Dropbox today updated its app for Android and iOS to finally properly support shared links. You can download the new version now directly from Google Play and Apple’s App Store.

The addition essentially means that tapping on a Dropbox shared link on your mobile device will open the file or folder right in your Dropbox app. As a result, you get previews for documents and photos, as well as a straightforward way to save the file or folder directly to your Dropbox account. Android users can choose to always directly open files within the Dropbox app, while iOS users simply select “Open in app” when they tap a shared link.


If the file or folder is already in your account, the Dropbox app will open it so you can move, rename, or favorite it for offline access. Furthermore, because Dropbox supports Microsoft Office not just on the desktop but on mobile too, if the shared link is to a Microsoft Office file, you can edit it right from the Office apps (Word, Excel, or PowerPoint) on your Android or iOS device.

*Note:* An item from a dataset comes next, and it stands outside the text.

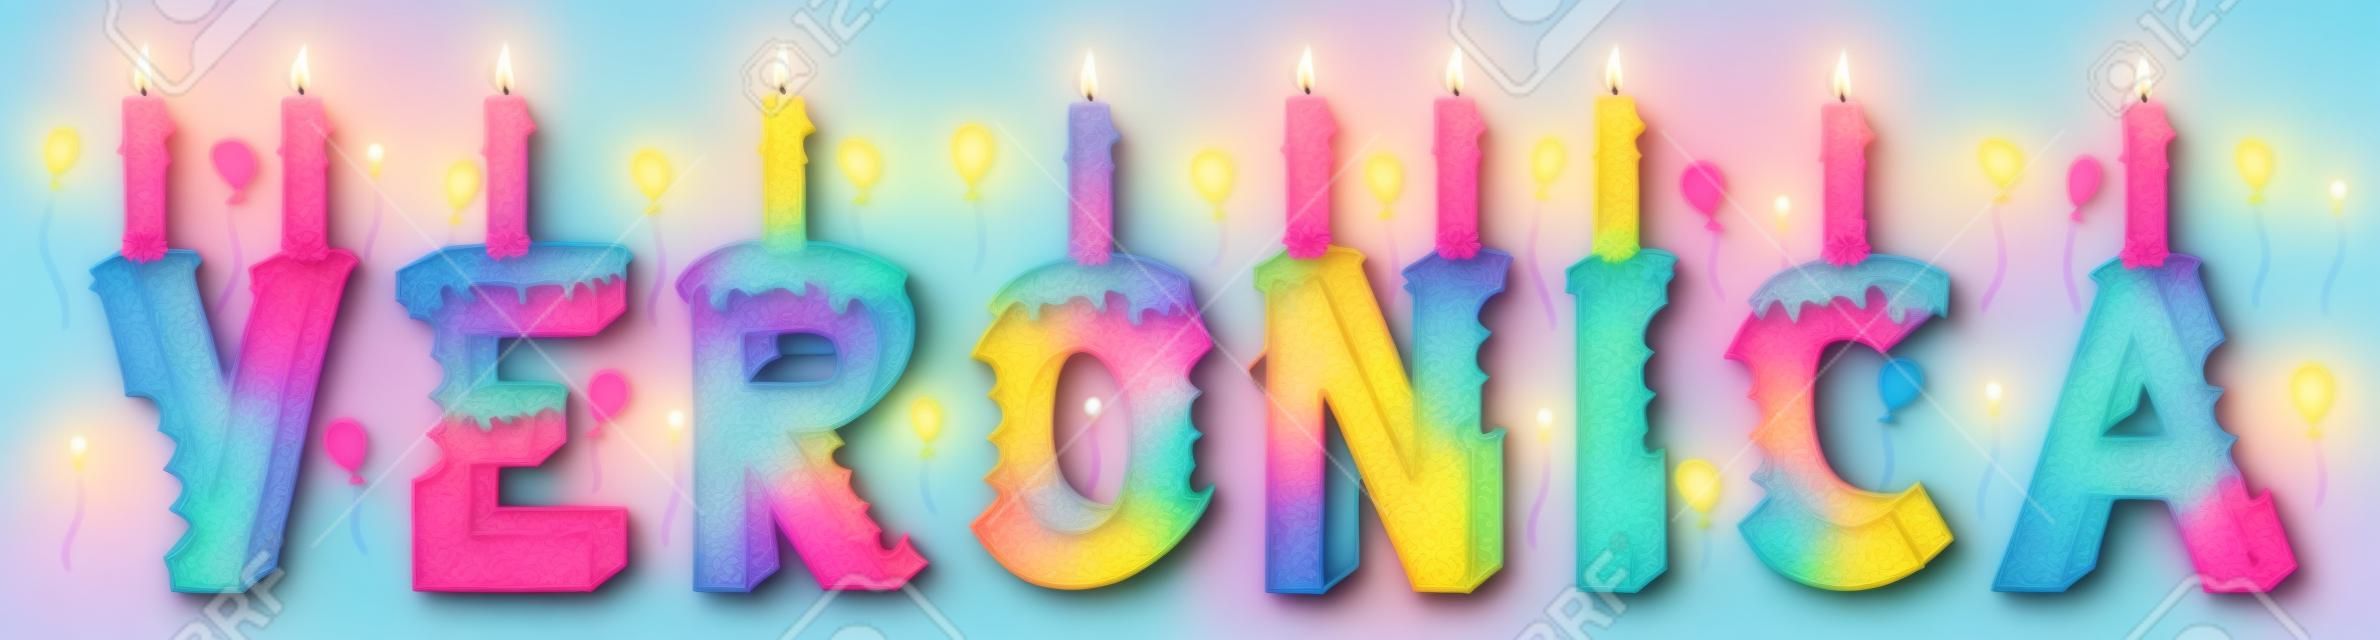 Veronica nombre femenino mordido. Colorido pastel de cumpleaños de letras 3d con velas y globos.

This may seem like a very straightforward feature, but Dropbox does have to ensure it works properly across various devices (this update doesn’t change the Dropbox app’s requirements: Android 4.0.3+ or iOS 7+). “Given that in-app shared links span not only iOS and Android, but also the mobile web and our platform, we spent a few months building and fine-tuning the feature,” Henrik Berggren, product manager at Dropbox, told VentureBeat. “There were also a number of new and interesting technical challenges we needed to solve. Being able to view content shared with you directly within the Dropbox mobile app is an entirely new paradigm in our apps that required us to re-engineer large parts of our codebase.”


Until now, opening a shared link would send you to the Dropbox sign-in page on your mobile browser. The change means that you can now finally “use all the same Dropbox features for shared content as you do with your own content,” Berggren said.

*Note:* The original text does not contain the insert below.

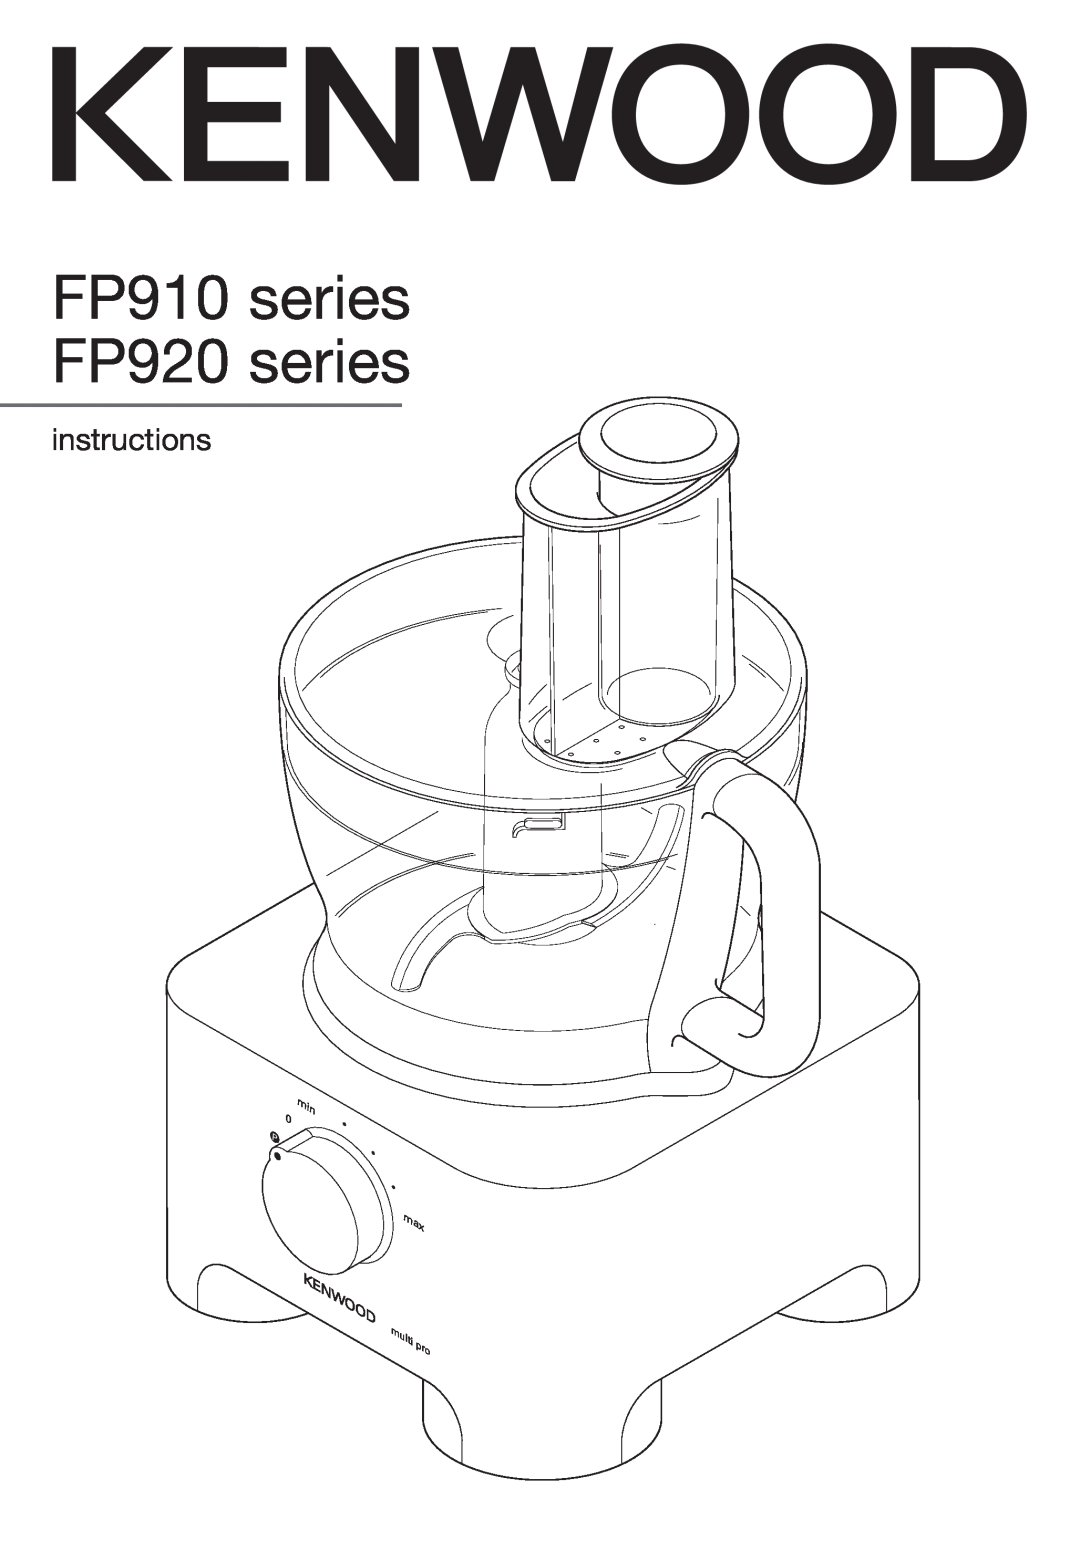 Kenwood manual instructions, FP910 series FP920 series

In other words, Dropbox is closing the gap on mobile. Mobile productivity is a big priority for the company, and though Berggren thinks it is “still early” days, the company wants to reduce the number of clicks (or taps) to get work done, while also supporting more and more platforms.

Earlier this month, Dropbox added an Open button to its desktop client. In short, the button lets you launch desktop applications right from the web — if you’re previewing a file in your browser that already lives in the Dropbox folder on your computer, you can just open it immediately in its native application.

Today’s release is only for Android and iOS. As for Windows Phone, Dropbox told VentureBeat it has a different launch plan and roadmap for the platform. This shouldn’t be surprising; with Windows 10 around the corner, and Dropbox increasingly working closer with Microsoft, we expect a universal app that works on PCs as well as mobile devices is in the works.